L’empereur a été ramené au palais pis là, ses blessures ont commencé à s’infecter. Y’est mort de fièvre queques jours après – une fin flyée pour une vie complètement pétée. 

Le Balloonfest’86 : quand l’enfer est pavé… de ballounes

Y’a-tu quequ’un qui aime pas les ballounes? C’est comme des belles cerises en plastique de toutes sortes de couleurs, toutes rondes pis toutes joyeuses; y peuvent exploser, pis quand y dessoufflent vite, y font des sons de pet pis y volent tout croche dins airs comme un papillon avec une fusée dans l’derrière. Heille, j’ai déjà gardé une gang de flos occupés pendant un après-midi de temps yinque en jouant avec ça. C’est l’fun de même, des ballounes.

Y’a rien d’méchant dans une balloune. Ça peut pas faire de mal. Mais si vous pensez ça, c’est clair que vous avez jamais entendu parler du Balloonfest’86 à Cleveland, en Ohio.

C’tait parti d’une bonne intention : pour se faire de la publicité pis ramasser de l’argent, Centraide du Grand Cleveland voulait battre le record du monde du plus grand nombre de ballounes gonflées à l’hélium pis r’lâchées en même temps.

En plus, dans c’te temps-là, Cleveland avait la réputation d’être un trou. Tsé : dins années 1970, ça allait tellement mal financièrement que la Ville avait fait défaut su ses paiements, la rivière Cuyahoga qui la traversait était tellement polluée qu’a l’avait pogné en feu, pis ses équipes de sport arrêtaient pas de perdre comme des pas bonnes – quoique, du côté d’la NFL, ch’pas sûre que ça c’est tant ramieuté. C’tait rendu au point où c’que Cleveland avait été surnommée « Mistake on the Lake » – l’erreur su l’lac, en français, parce qu’a l’était située su’l bord du lac Érié.

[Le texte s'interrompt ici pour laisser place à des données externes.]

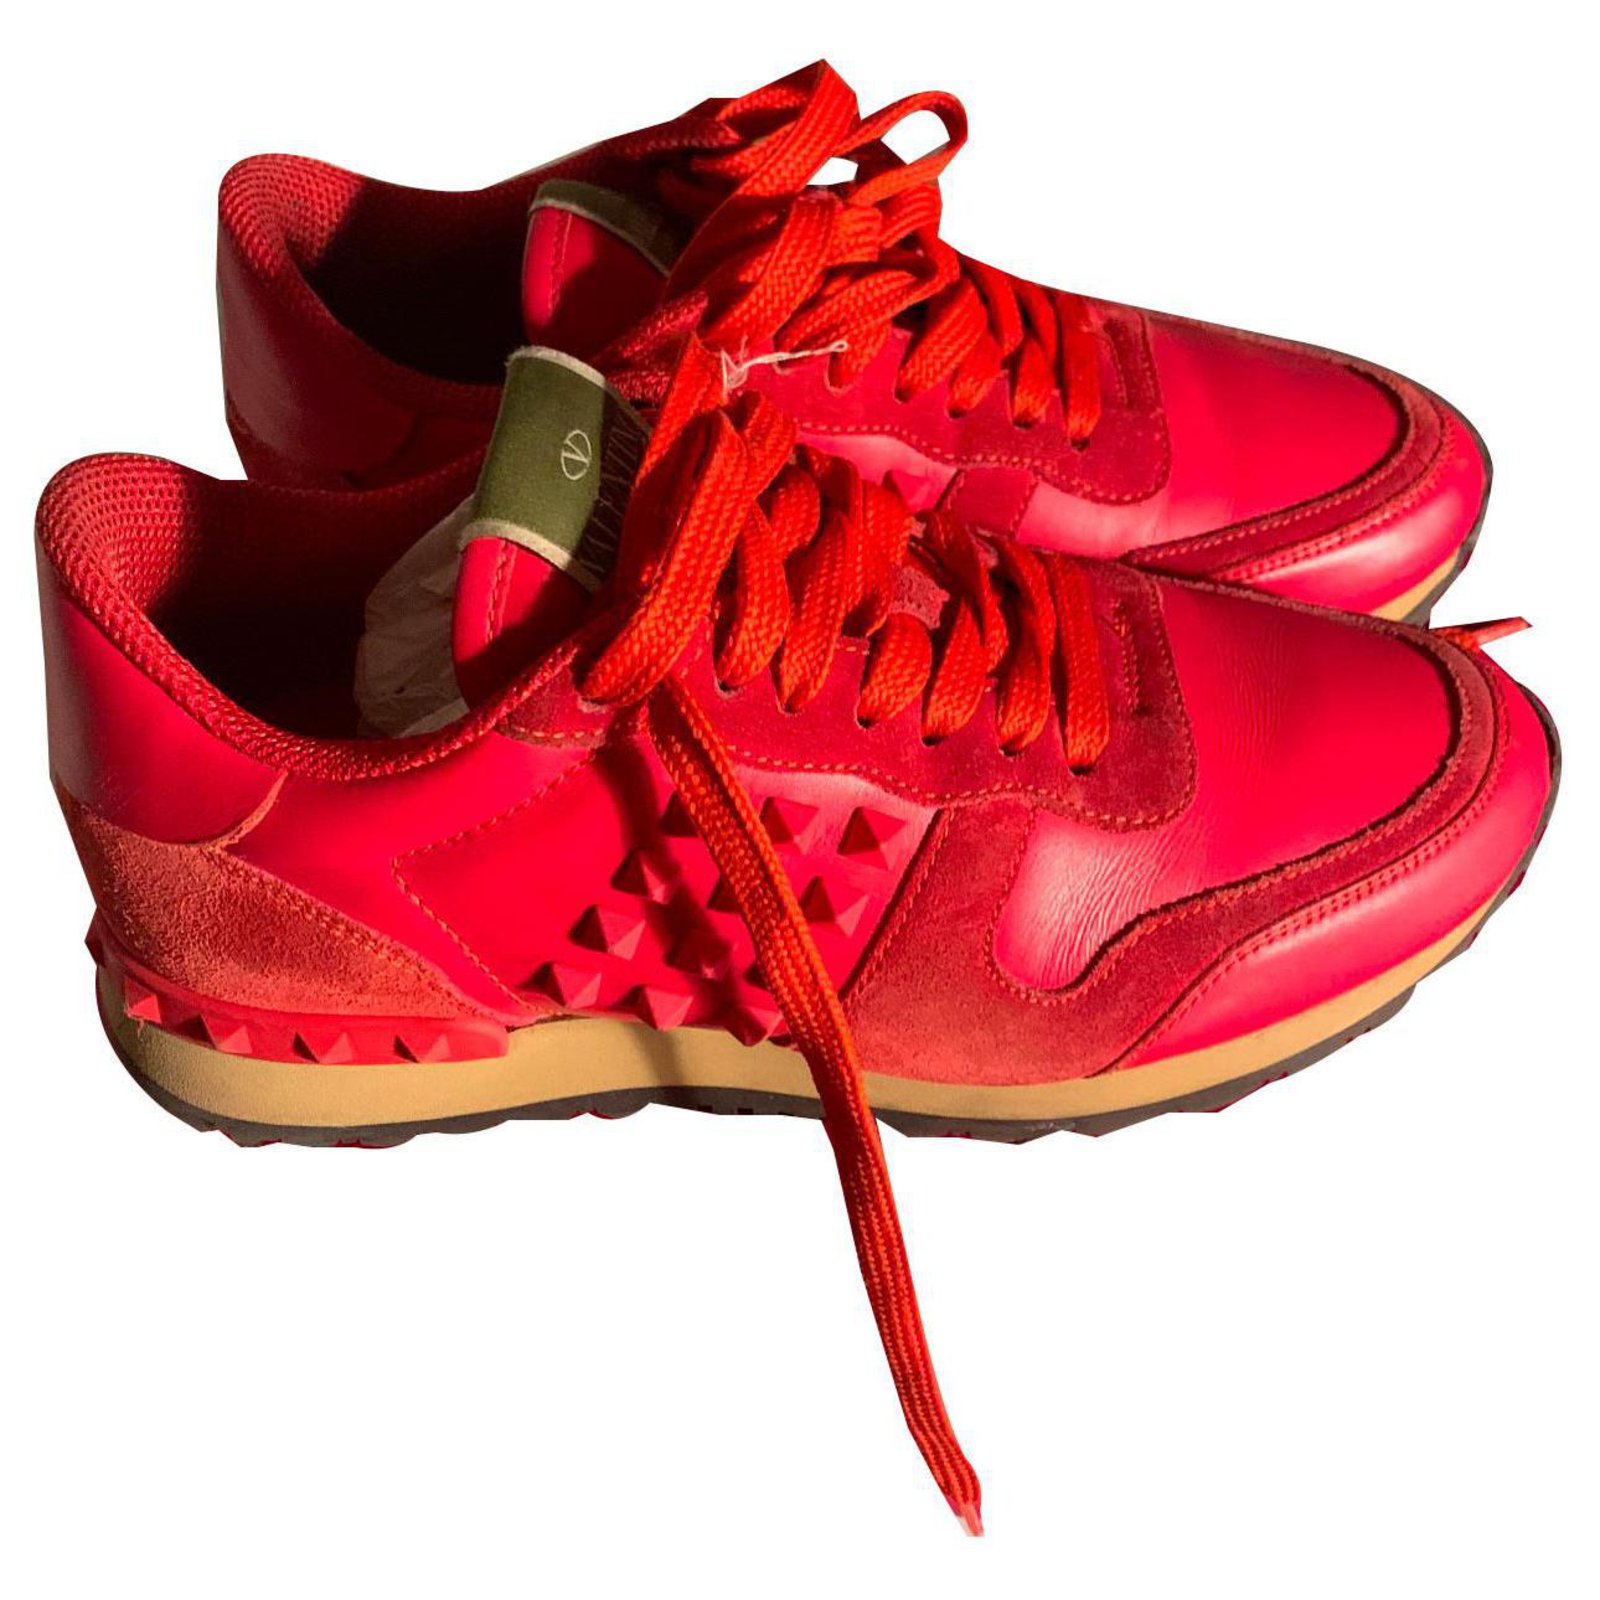 valentino garavani sneakers red

Bref, Cleveland avait d’quoi à prouver  :

« On est pas des jambons pis des ti-clins! Nous-autres aussi on peut faire des belles pis des grandes affaires, bon! »

Faique tout l’monde était hyper motivé. Ça a pris six mois pour organiser la patente; les flos d’école vendaient les ballounes à deux pour une piasse, pis une armée de bénévoles ont aidé à toute préparer. La veille, y se sont occupés de gonfler les ballounes, travaillant quasiment toute la nuite avec des bouttes de tape collés autour des doigts pour pas se faire des ampoules.

Le jour du lancement, y’avait 1,4 million de ballounes dans une espèce de filet au beau milieu de la ville, soit ben en masse pour battre le record; on aurait dit qu’une piscine à boules pour enfants s’tait mise à fortiller tout d’un coup comme un gros blob monstrueux pis allait bouffer Cleveland.

Comme y’arrivait de l’orage, les organisateurs ont décidé de lancer les ballounes plus vite que prévu. Faique le 27 septembre à 1 h 50 de l’après-midi, le filet a été détaché pis les ballounes se sont envolées.

C’tait ben impressionnant. Selon le point de vue, ça avait l’air d’une envolée de bonbons, de youptidou pis d’amour universel… Ou bedon d’la 11e plaie d’Égypte. Argardez ça :

Tout l’monde étaient fous comme des balais, pis ça criait :

« GO CLEVELAND! RECORD DU MONDE! WOUHOUUUU! »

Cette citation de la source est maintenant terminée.